## 1. Setup and Installation

First, let's install the required packages (uncomment if needed):

In [None]:
# !pip install -r ../requirements.txt

## 2. Import Libraries

In [None]:
import sys
import os
from pathlib import Path

# Add parent directory to path
sys.path.insert(0, str(Path.cwd().parent))

from src.audio_processor import AudioProcessor
from src.transcriber import Transcriber
from src.grammar_scorer import GrammarScorer
from src.utils import load_config, save_json, get_audio_files
from main import GrammarScoringEngine

import warnings
warnings.filterwarnings('ignore')

print("✓ Libraries imported successfully!")

## 3. Initialize Components

Let's initialize the Grammar Scoring Engine:

In [None]:
# Initialize the complete engine
engine = GrammarScoringEngine(config_path='../config.yaml')

print("\n✓ Grammar Scoring Engine ready!")

## 4. Download Sample Data from Kaggle (Optional)
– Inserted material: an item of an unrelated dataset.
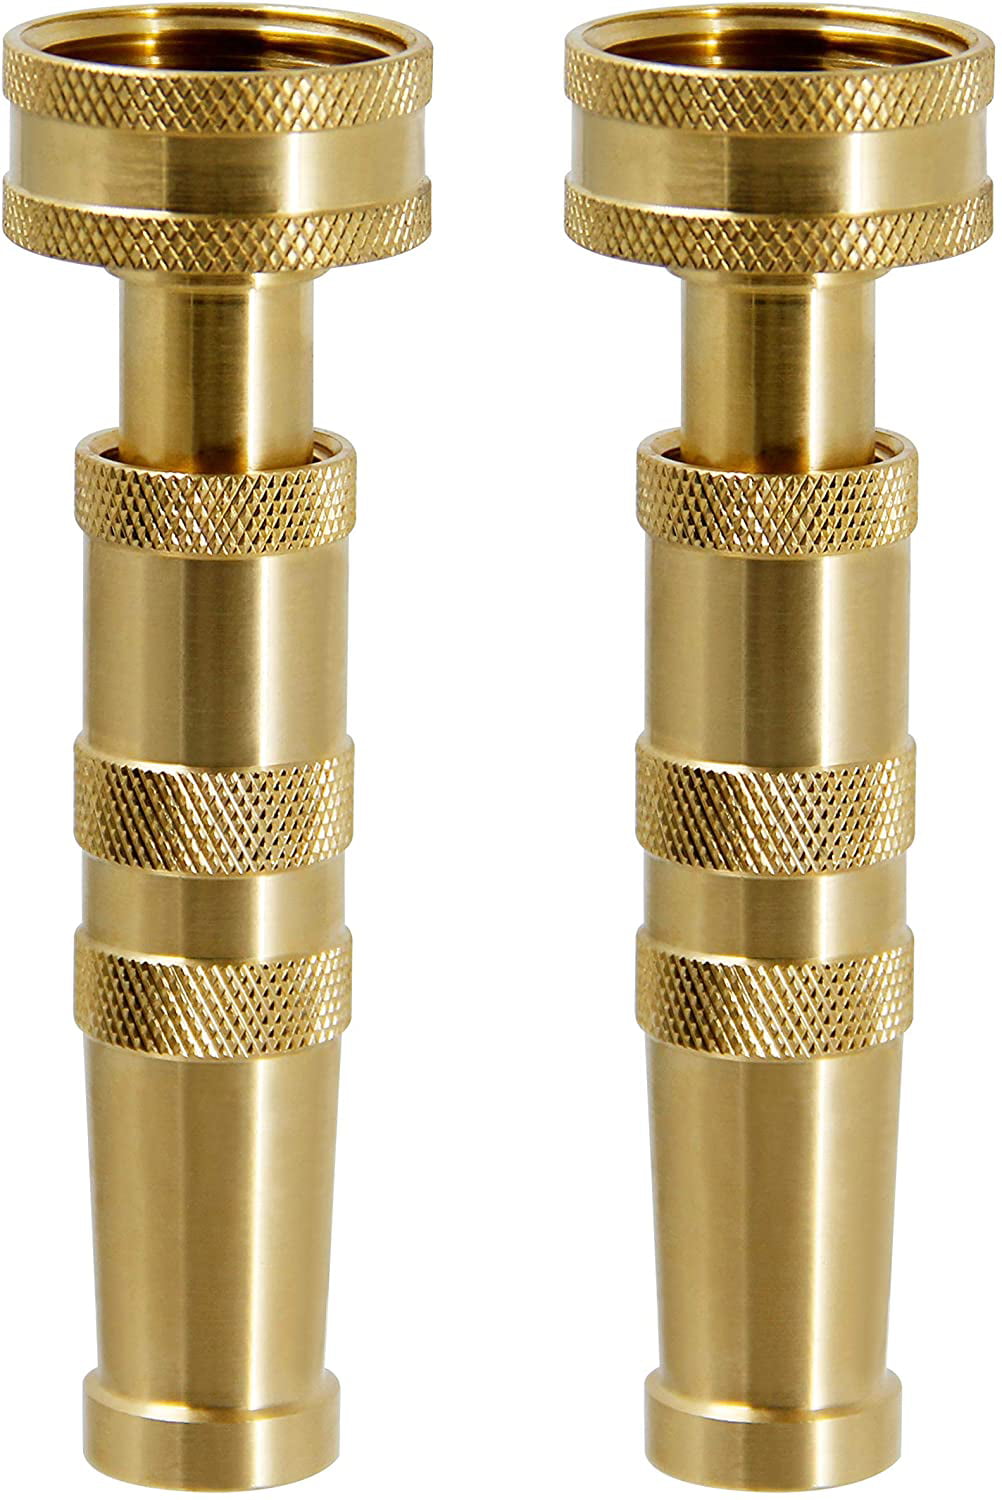 4" Brass Hose Nozzle Adapter Heavy Duty Twist For Garden Watering Car Cleaning

If you want to use Kaggle datasets:

In [None]:
from src.kaggle_loader import setup_kaggle_credentials, show_recommended_datasets

# Show recommended datasets
show_recommended_datasets()

# Check Kaggle credentials
setup_kaggle_credentials()

In [None]:
# Uncomment to download a dataset
# from src.kaggle_loader import download_dataset
# dataset_path = download_dataset('google/speech_commands', '../data/raw')
# print(f"Dataset downloaded to: {dataset_path}")

## 5. Test with Sample Audio

Let's test the engine with a sample audio file:

In [None]:
# Example: Process a single audio file
# Replace with your actual audio file path
audio_file = "path/to/your/audio.wav"

# Check if file exists
if os.path.exists(audio_file):
    result = engine.score_audio(audio_file, save_results=True)
    
    print("\n" + "="*70)
    print("RESULTS")
    print("="*70)
    print(f"Score: {result['score']:.2f}/100")
    print(f"Grade: {result['grade']}")
    print(f"Errors Found: {result['error_count']}")
    print(f"Word Count: {result['word_count']}")
else:
    print(f"⚠ Audio file not found: {audio_file}")
    print("Please update the audio_file variable with a valid path.")
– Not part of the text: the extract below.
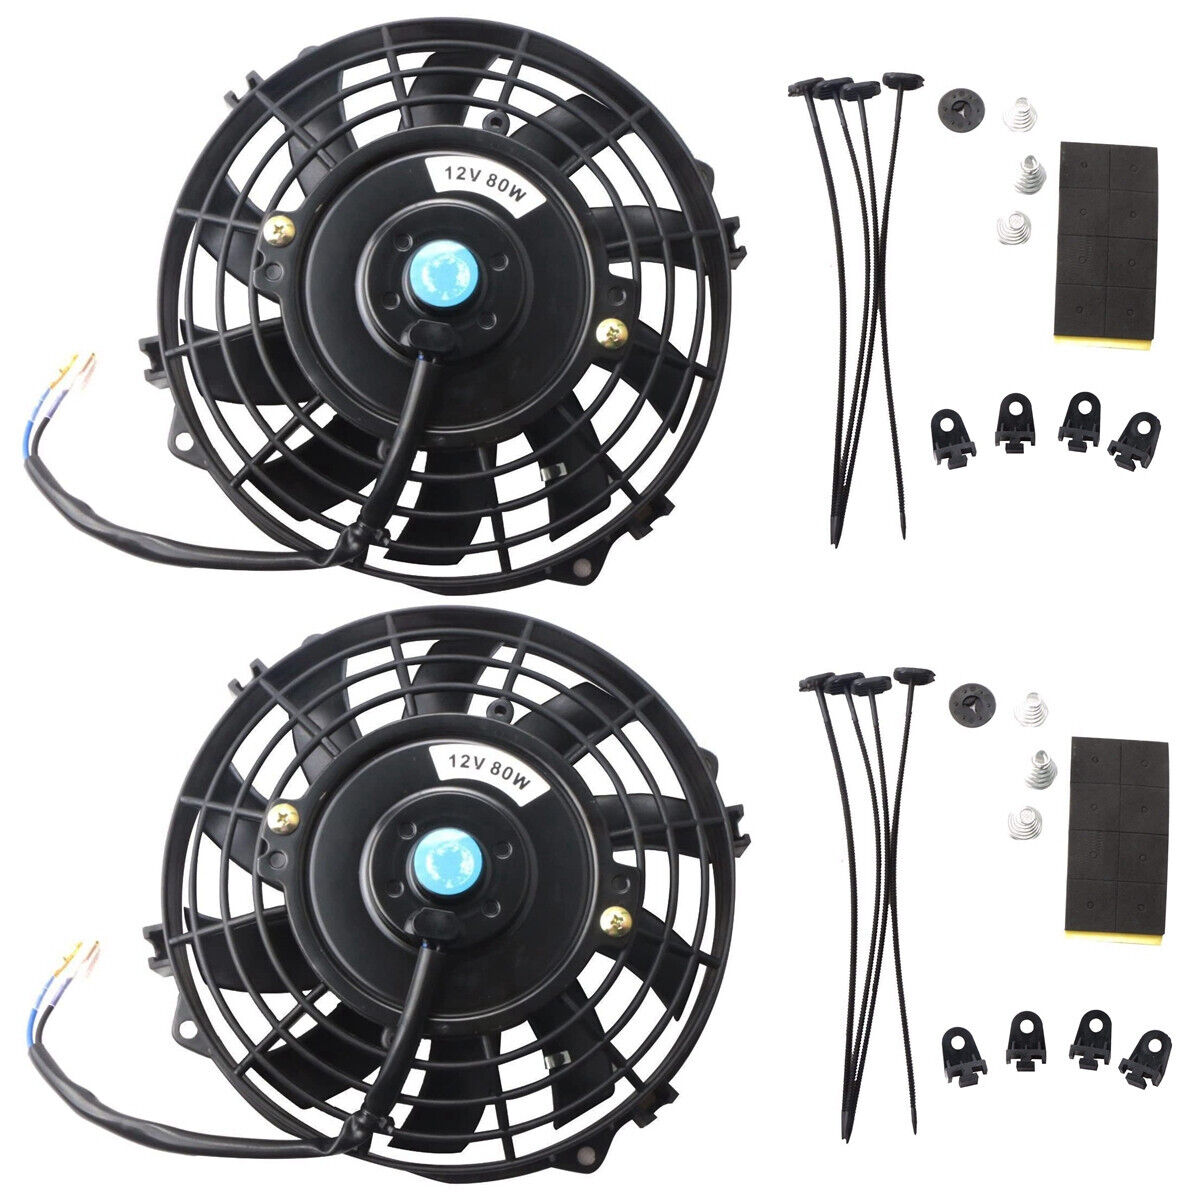 2x7 inch Black Universal Electric Radiator Slim Fan Push/Pull 12V Mounting Kit

## 6. Test Individual Components

You can also test components separately:

### 6.1 Test Audio Processing

In [None]:
# Test audio processor
audio_processor = AudioProcessor(sample_rate=16000)

# If you have an audio file, get its info
# audio_info = audio_processor.get_audio_info("your_audio.wav")
# print(audio_info)

### 6.2 Test Grammar Scoring with Text

In [None]:
# Test grammar scorer with sample text
scorer = GrammarScorer(language="en-US", use_language_tool=True)

sample_text = """
This is a sample text for testing the grammar scoring engine.
The engine can detect various types of errors including spelling mistakes,
grammatical errors, and punctuation issues.
"""

# Score the text
result = scorer.score_text(sample_text)

print("\nGrammar Analysis Results:")
print(f"Overall Score: {result['score']:.2f}/100")
print(f"Grade: {result['grade']}")
print(f"\nComponent Scores:")
for component, score in result['component_scores'].items():
    print(f"  {component.capitalize()}: {score:.2f}")
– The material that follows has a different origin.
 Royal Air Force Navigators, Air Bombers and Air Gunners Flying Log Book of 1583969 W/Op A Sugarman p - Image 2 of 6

print(f"\nErrors Found: {result['error_count']}")
if result['error_count'] > 0:
    print("\nError Details:")
    for i, error in enumerate(result['grammar_errors'][:5], 1):
        print(f"  {i}. {error['message']}")

### 6.3 Generate Detailed Feedback

In [None]:
# Generate human-readable feedback
feedback = scorer.generate_feedback(result)
print(feedback)

## 7. Batch Processing

Process multiple audio files at once:

In [None]:
# Process all audio files in a directory
audio_directory = "../data/raw"  # Update with your directory

if os.path.exists(audio_directory):
    results = engine.score_batch(audio_directory)
    
    # Display summary
    if results:
        scores = [r.get('score', 0) for r in results if 'score' in r]
        print(f"\nProcessed {len(results)} files")
        print(f"Average Score: {sum(scores)/len(scores):.2f}")
else:
    print(f"Directory not found: {audio_directory}")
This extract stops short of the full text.